Plaintiff entered the state court claiming $47,202.51 to be due it on a contract theretofore executed between it and the defendant for the erection of a refinery. It is a Kansas corporation; the defendant is an Illinois corporation. The defendant seasonably removed.
The plaintiff sought service and jurisdiction over the defendant by securing a writ of attachment which it caused to be levied upon a number of pieces of personal property in Dallas.
In contending that its claim was unliquidated, it sought and secured from the district judge, an order fixing the attachment bond at $6,000. Later, the defendant replevied, and now seeks to quash the attachment on the ground that the plaintiff’s claim was liquidated, and being liquidated, the Texas attachment statute, Vernon’s 1936 Civ.St. art. 281, required the bond to be double the amount of the claim.
The plaintiff does not concede this position, but does contend that the defendant having replevied, has waived its right to quash.
*1001The contest centers around the construction of Texas statutes. This court must, therefore, follow the path of the highest courts of that state in passing upon the issue. Erie R. Co. v. Tompkins, 304 U.S. 64, 58 S.Ct. 817, 82 L.Ed. 1188, 114 A.L.R. 1487.
The exact amount claimed by the plaintiff is figured on the words of the contract attached to its petition. The amount claimed is made up of two items.
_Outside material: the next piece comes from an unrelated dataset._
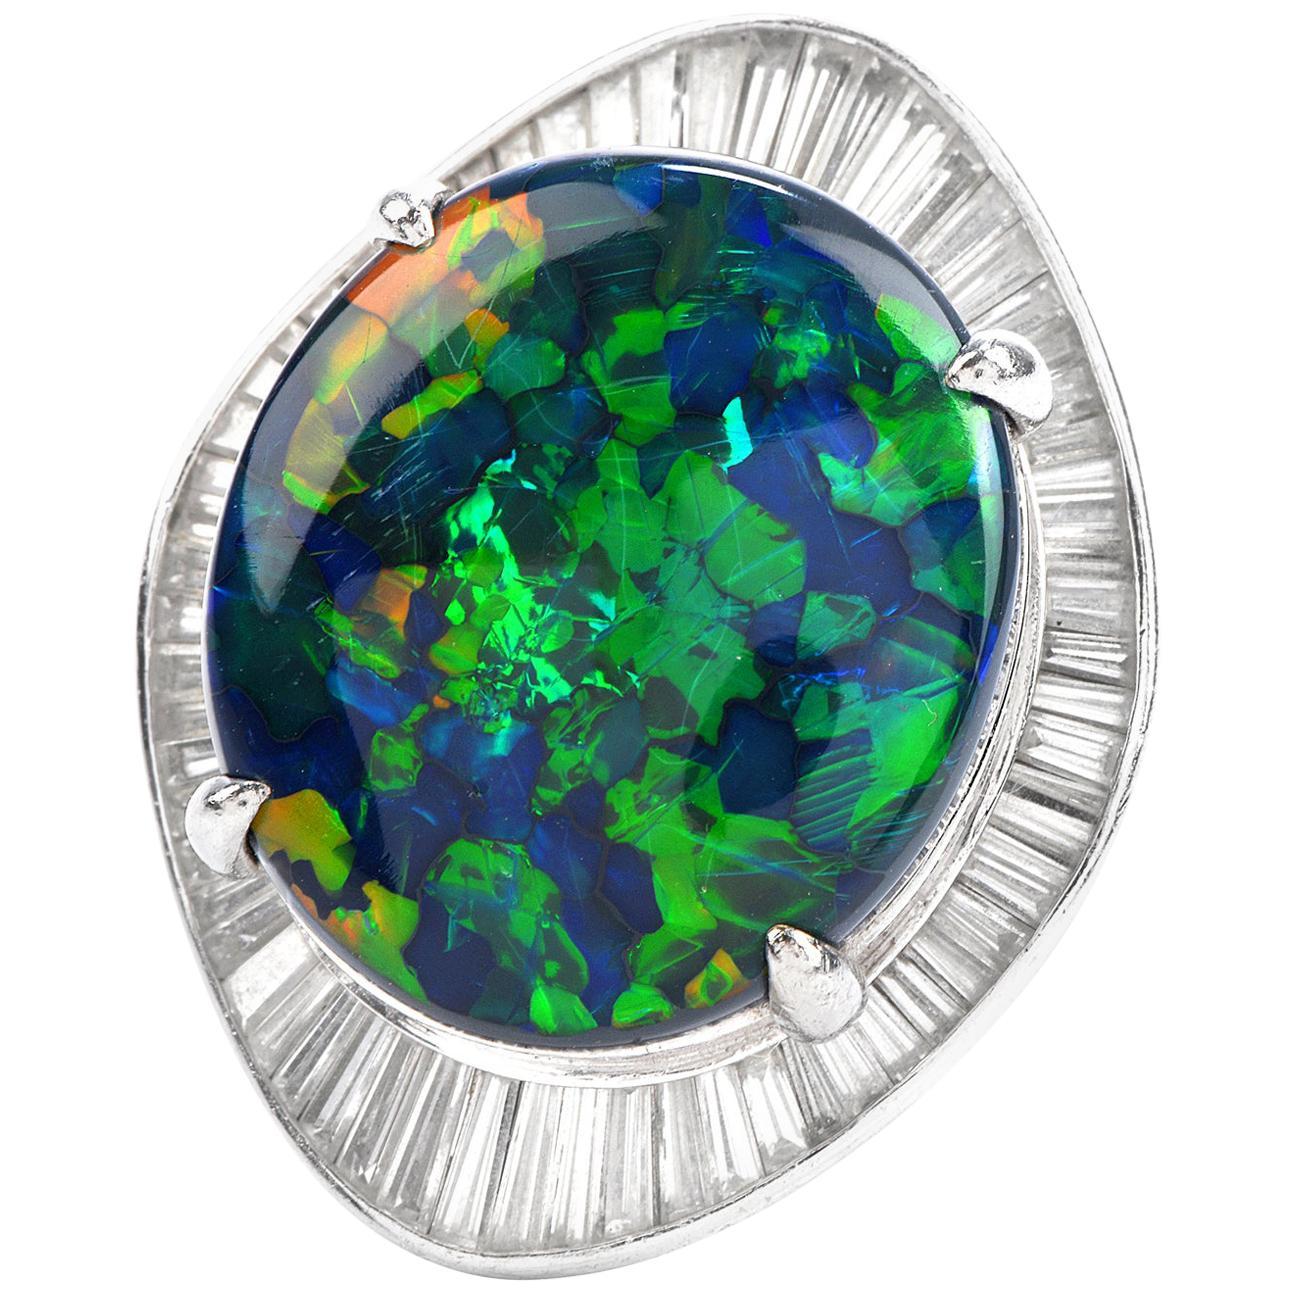 1980s GIA Large Black Opal Diamond Platinum Cocktail Ballerina Ring

The first is $20,592.31, being the exact difference between the value of materials furnished and the amount paid it by the defendant. The second amount is figured upon the contract agreement of 15% on the total engineering work performed, to-wit, $177,401.34, which amounts to $26,610.20, and these two items aggregate the amount sued for. There appears to be no question that the cause of action is liquidated rather than unliquidated. Sweatt et al. v. Grogan et al., D.C., 25 F.Supp. 585. The liberality in defining “liquidated,” seems to be justified by the harshness of the remedy of attachment.
The plaintiff’s reasoning that the replevin waived the statutory requirement just mentioned is in harmony with the majority of the decisions of other states, but it is not supported by the Texas decisions and they must govern. Hayes v. Davis, Tex.Civ.App., 18 S.W.2d 704; Carney v. Stanley, Tex.Civ.App., 23 S.W.2d 770; Taylor v. Whitehead, Tex.Civ.App., 65 S.W.2d 1110; Burch v. Watts, 37 Tex. 135; Mitchell v. Bloom, 91 Tex. 634, 45 S.W. 558; Kildare Lbr. Co. v. Atlanta, 91 Tex. 95, 41 S.W. 64; American Surety Co. v. Stebbins, Lawrence & Spraggins Co., 107 Tex. 413, 180 S.W. 101, L.R.A.1916F, 583; Hall v. Miller, 21 Tex.Civ.App. 336, 51 S.W. 36; Sullivan & Co. v. King, Tex.Civ.App., 80 S.W. 1048; The Leader, Inc., v. Elder Mfg. Co., Tex.Com.App., 39 S.W.2d 880.
The citation on page 502 of 7 C.J.S., Attachment, § 313, sub-division (b), refers to the weight of authority in states other than Texas and cites Turner v. Martin, Tex.Civ.App., 45 S.W.2d 236, which is a Texas case. The plaintiff also cites Gould v. Baker, 12 Tex.Civ.App. 669, 35 S.W. 708, and Mueller v. Gollober, Tex.Civ.App., 252 S.W. 1076. This case is really for the defendant, though somewhat confused in expression.
The Secundum resume of authorities from other states must give way, in deciding a Texas case, to the Texas rule, Fidelity Union Trust Co. v. Field, 311 U.S. 169, 177, 61 S.Ct. 176, 85 L.Ed. 109; Six Companies v. Joint Highway Dist., 311 U.S. 180, 61 S.Ct. 186, 85 L.Ed. 114; Stoner v. New York Life Ins. Co., 311 U.S. 464, 61 S.Ct. 336, 85 L.Ed. 284. When Judge Gaines spoke in Mitchell v. Bloom, 91 Tex. 634, 45 S.W. 558, it was the voice of the Supreme Court. The two Texas cases cited by the plaintiff are not in line with the Texas rule.
A rule would be harsh indeed which allowed the summary taking of a defendant’s property upon faulty preliminary steps, and then denied the defendant the right to retake his property, unless, by such retaking, he conceded and waived his right to attack the method pursued by the plaintiff in taking. That which was done wrongly by the plaintiff could hardly be made right by the performance of a statutory right given to the defendant.
The motion to quash must be sustained.